Я по-прежнему обнимала Блуи одной рукой, когда проснулась в четыре утра с апокалипсической болью, пробивавшейся изнутри сквозь череп.

Глава 7

Я закричала, чтобы разбудить родителей, и они вбежали в комнату, но ничем не могли приглушить взрыв сверхновой в моем мозге и бесконечные оглушительные вспышки петард под крышкой черепа, и я уже решила, что ухожу окончательно, и сказала себе, как говорила и раньше, что тело отключается, когда боль становится слишком сильной, сознание временно, и это пройдет. Но, как всегда, сознания я не теряла. Я лежала на кромке берега, и волны перекатывались через меня, не давая утонуть.

Машину вел папа, одновременно он говорил по телефону с больницей, а я лежала на заднем сиденье, положив голову к маме на колени. Ничего поделать было нельзя: от крика становилось только хуже. От любых стимулов боль усиливалась.

Единственным выходом было пытаться развалить мир, сделать все черным, безмолвным и необитаемым, вернуться во времена до Большого Взрыва, в начало, когда было Слово, и жить в пустоте несозданного пространства наедине со Словом.

Люди говорят о мужестве раковых больных, и я не отрицаю это мужество. Меня и кололи, и резали, и травили годами, а я все ковыляю. Но не впадайте в заблуждение: в тот момент я была бы искренне рада умереть.

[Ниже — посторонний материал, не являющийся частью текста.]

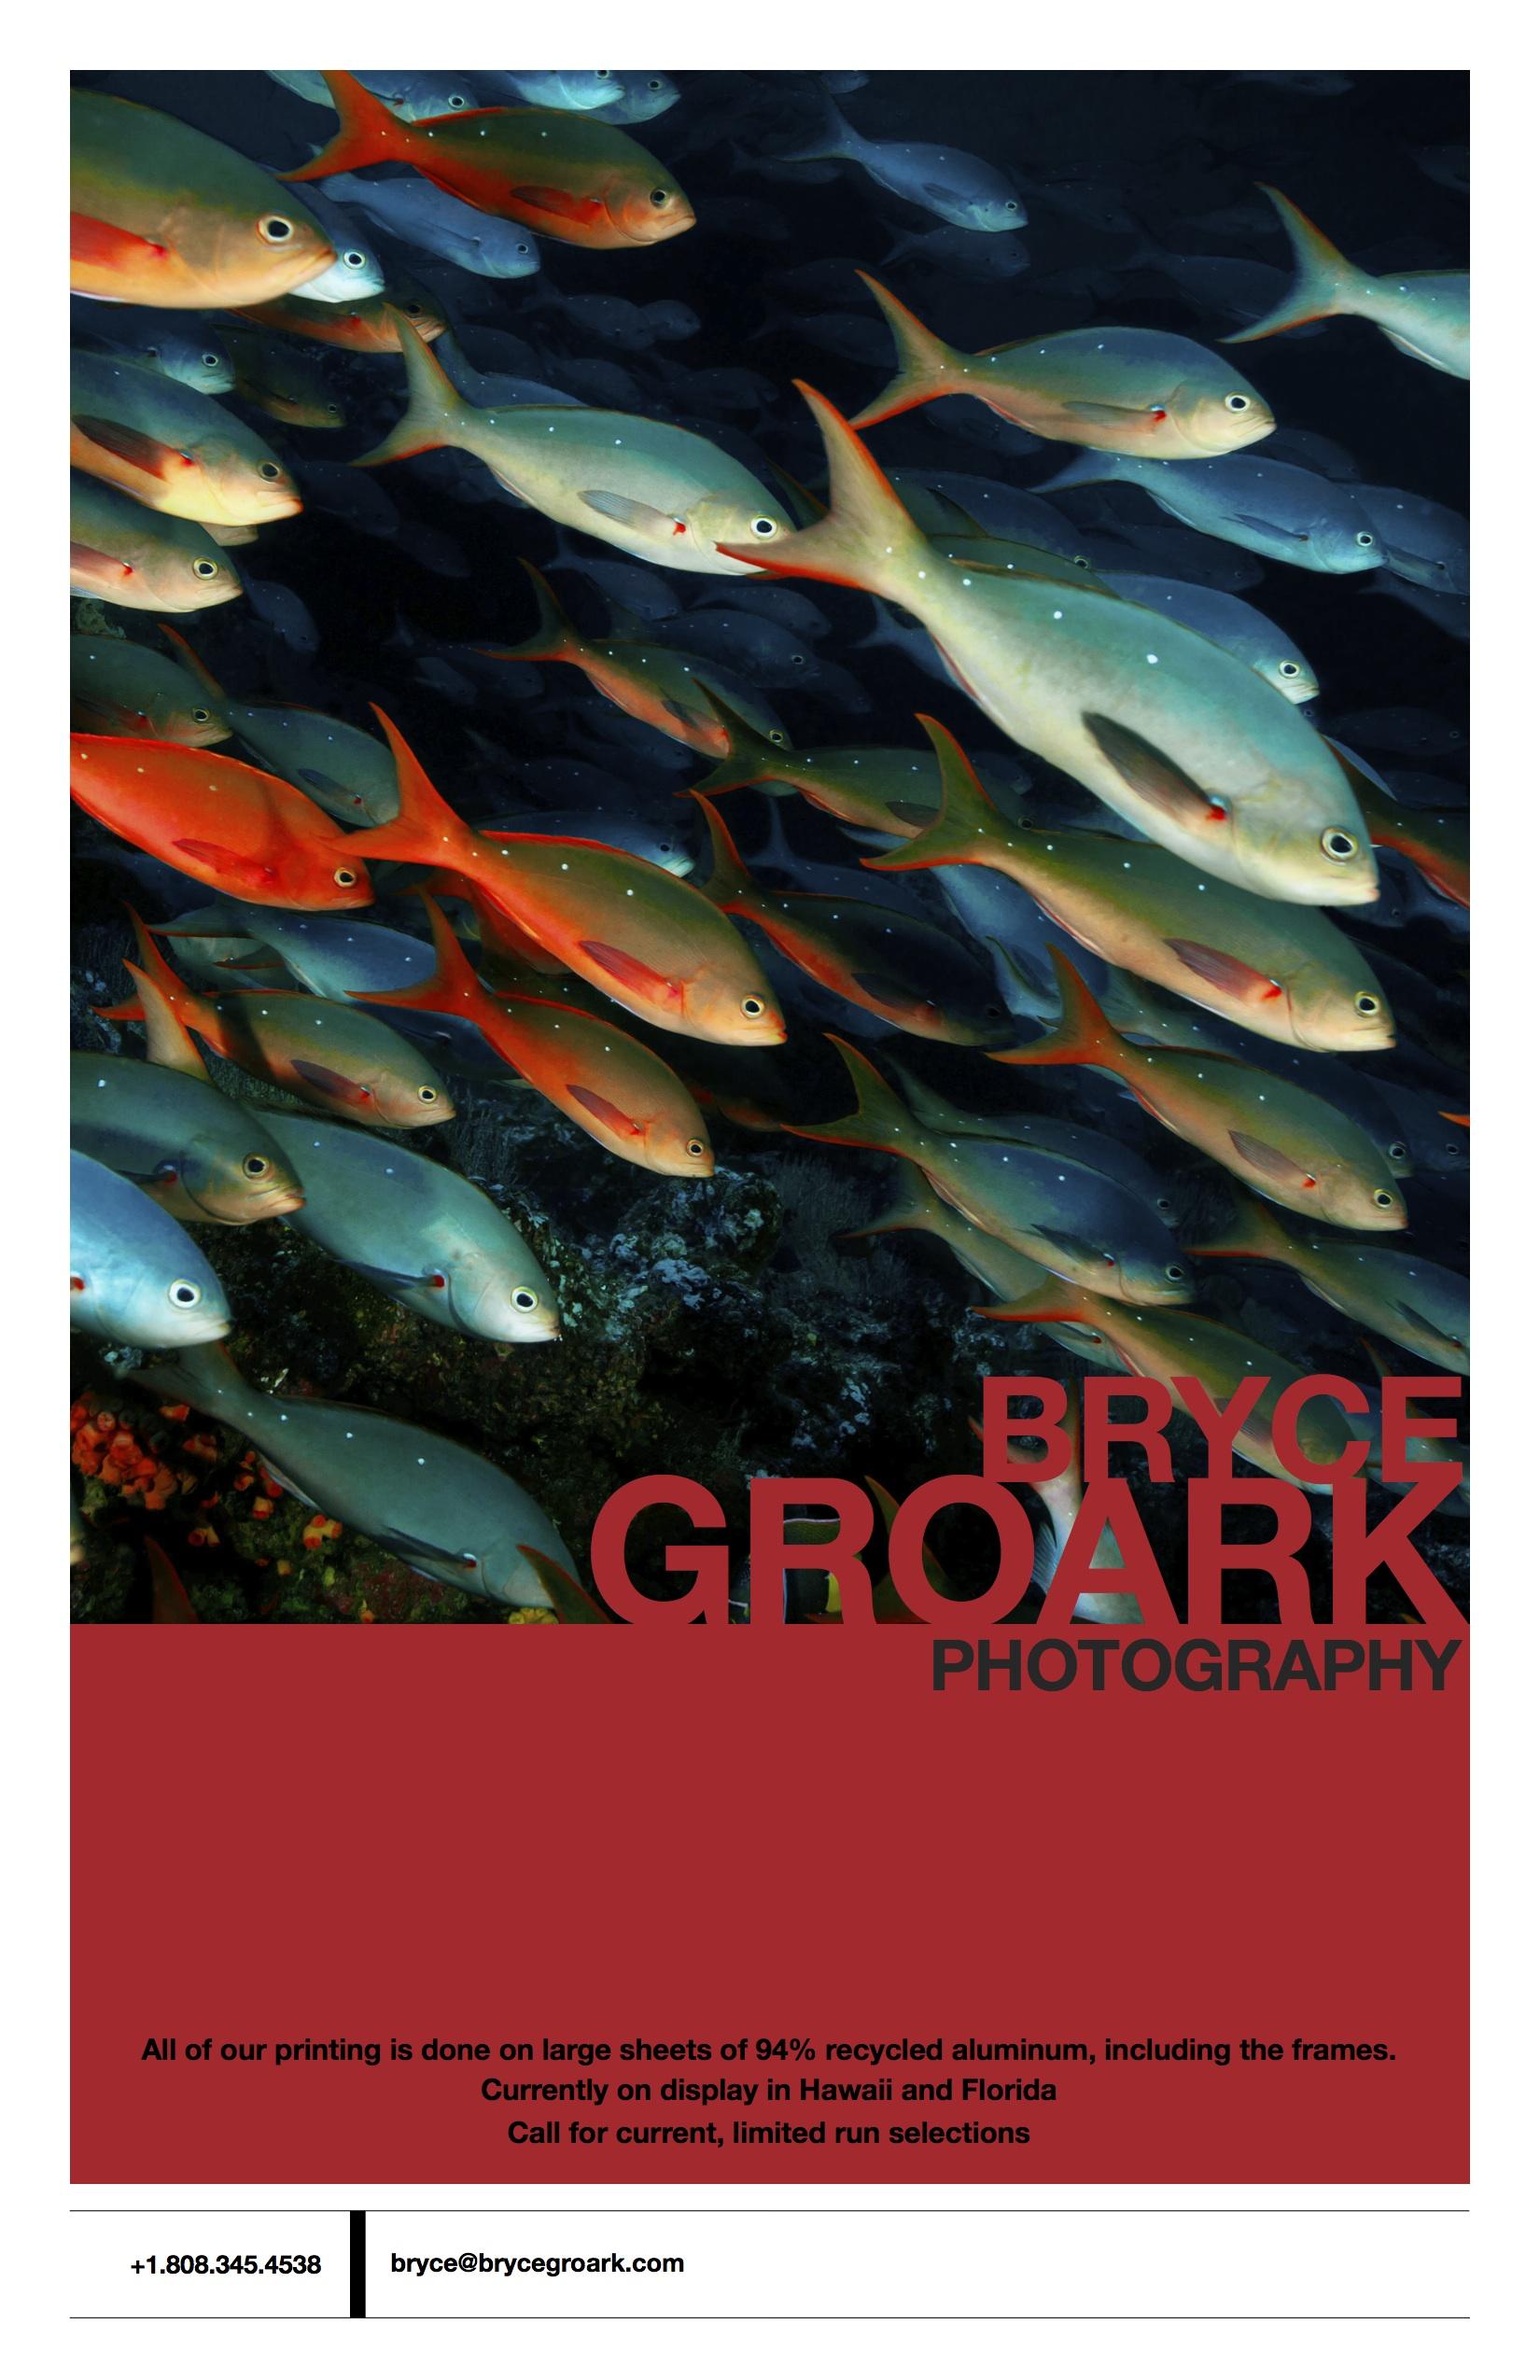 Bryce_Groark_Photography_Fine_Art_page_2_3_4

Я проснулась в отделении интенсивной терапии. Я сразу поняла, где нахожусь, потому что обстановка была не домашняя, вокруг – много разных пищащих устройств и я лежала одна. В детском отделении родителям не разрешают круглосуточно присутствовать в палате интенсивной терапии из-за риска инфекции. В коридоре слышались громкие рыдания – умер чей-то ребенок. Я нажала красную кнопку вызова.

Через несколько секунд вошла медсестра.

– Здрасьте, – произнесла я.

– Привет, Хейзел, я Элисон, твоя медсестра, – представилась она.

– Привет, Элисон-моя-медсестра, – повторила я.

На этом силы у меня закончились и снова навалилась усталость. В следующий раз я ненадолго проснулась, когда родители, плача, обцеловывали мое лицо. Я хотела их обнять, но от этого усилия сразу же все заболело, и мама с папой сказали мне, что никакой опухоли мозга нет, а головную боль вызвала низкая оксигенация, потому что легкие у меня наполнились жидкостью, целых полтора литра (!!!) откачали через трубку, у меня может побаливать в боку, куда – ох, вы только гляньте! – вставлена трубка, идущая к пластиковому пузырю, наполовину полному янтарной жидкостью, больше всего напоминающей, клянусь, папин любимый эль. Мама пообещала, что меня честно-честно отпустят домой, просто придется регулярно делать дренаж и перед сном подключаться к ИВЛ – вот как сейчас аппарат нагнетает и отсасывает воздух из моих дерьмовых легких. А в первую ночь мне сделали полное позитронное сканирование, и – ура! – новых опухолей нет, и старые не увеличились. Боль в плече тоже была вызвана недостатком кислорода – сердце работало на пределе.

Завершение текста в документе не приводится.